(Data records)
============================================================
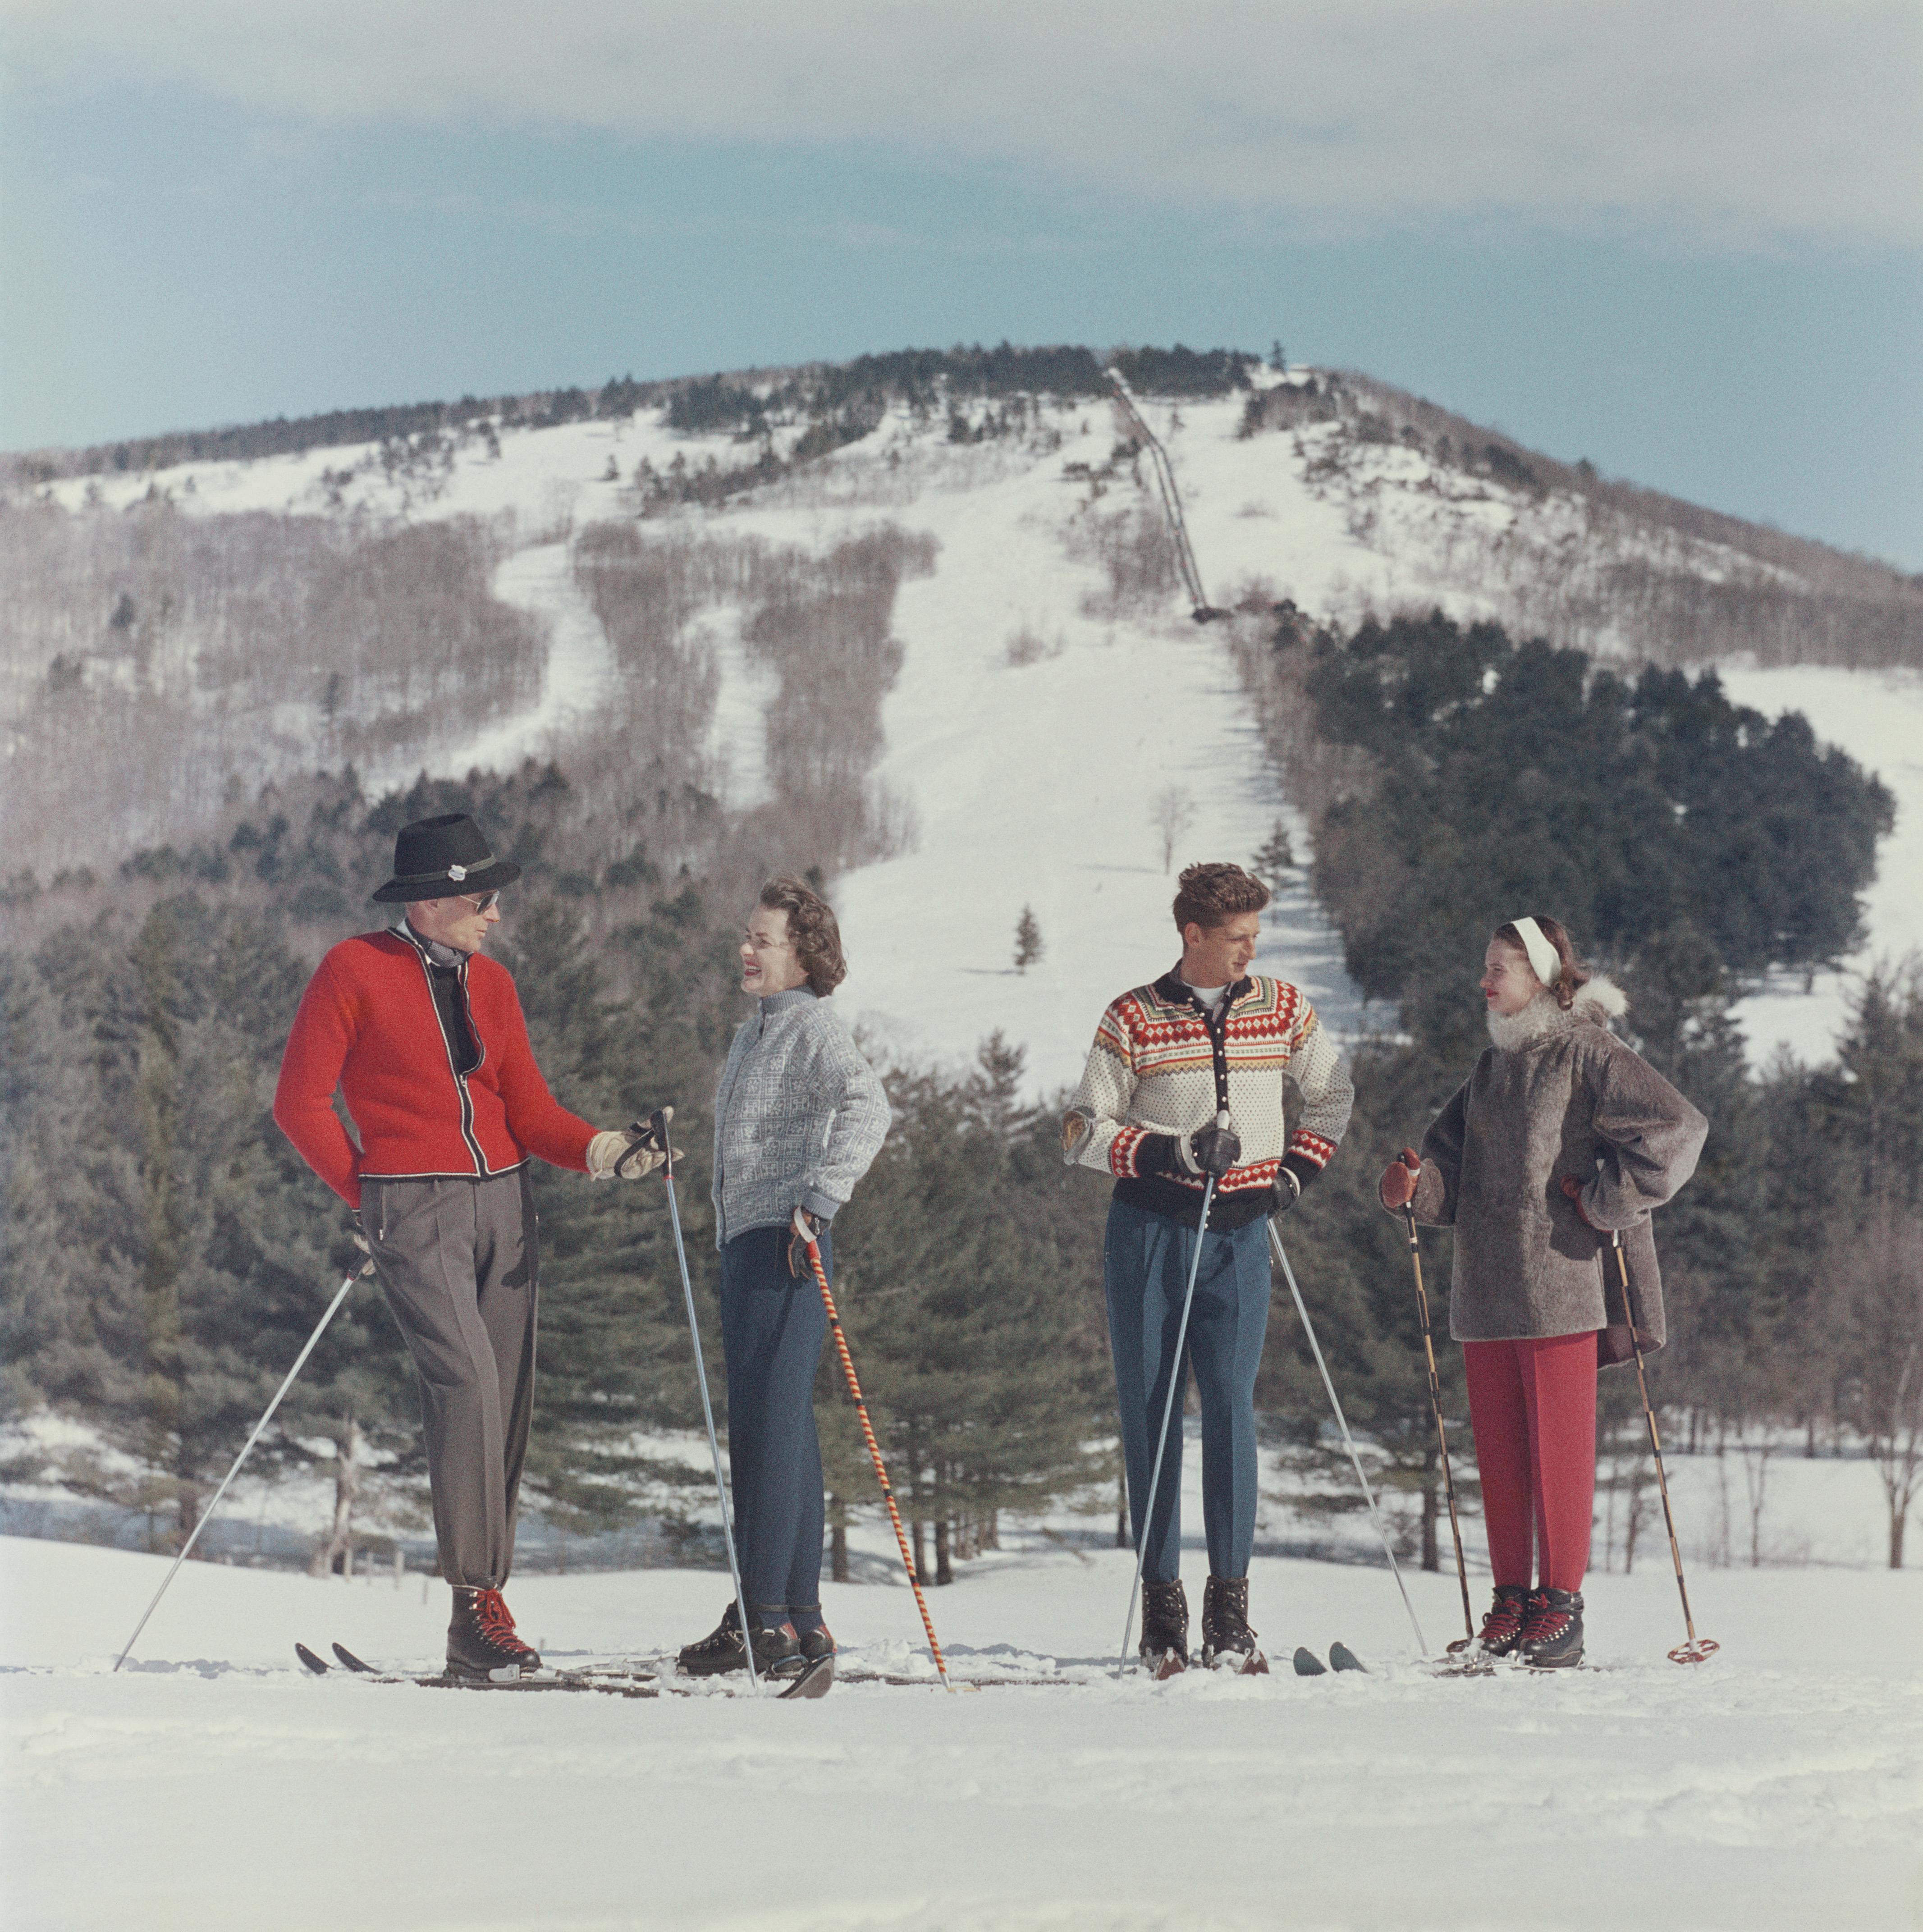 Skiing In New Hampshire
1955 (printed later)
C-print
Estate stamped and hand numbered edition of 150 with certificate of authenticity from the estate. 

Skiers at the Cranmore Mountain Resort, North Conway, New Hampshire, USA, circa 1955.

Slim
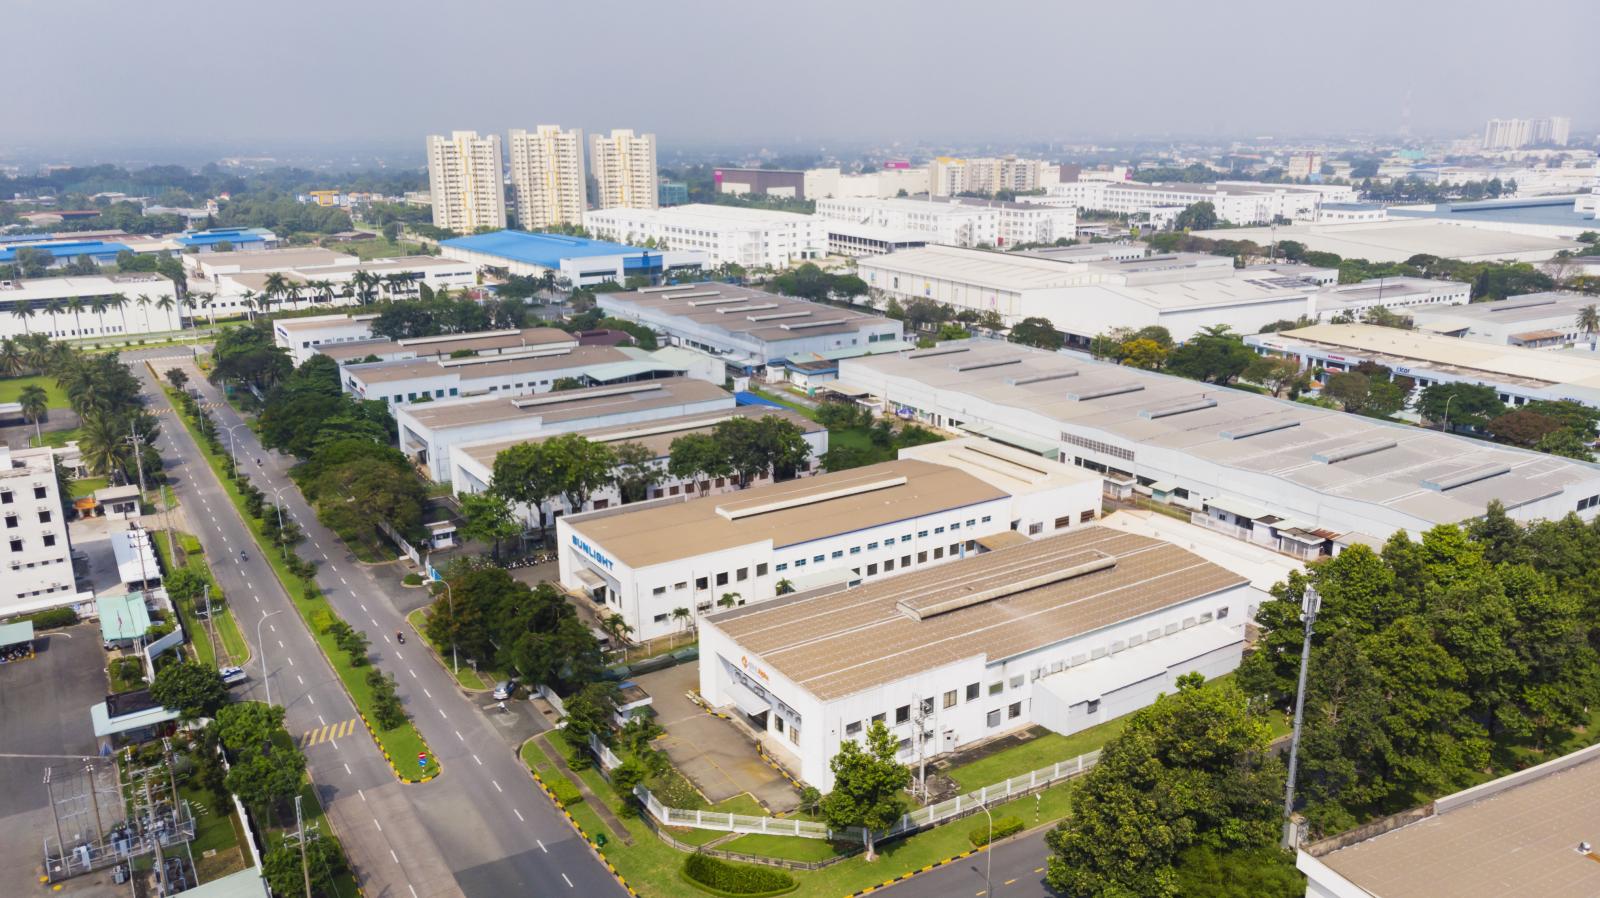 Tan Uyen real estate “shines” according to the wave of industrial parks
============================================================
EXERCISE DIRECTIONS >> Take the records above from the line with "1955 (printed later)" down to their last line and please copy those lines exactly, without the pictures.

THE COMPLETED TASK >>
1955 (printed later)
C-print
Estate stamped and hand numbered edition of 150 with certificate of authenticity from the estate. 

Skiers at the Cranmore Mountain Resort, North Conway, New Hampshire, USA, circa 1955.

Slim
 Tan Uyen real estate “shines” according to the wave of industrial parks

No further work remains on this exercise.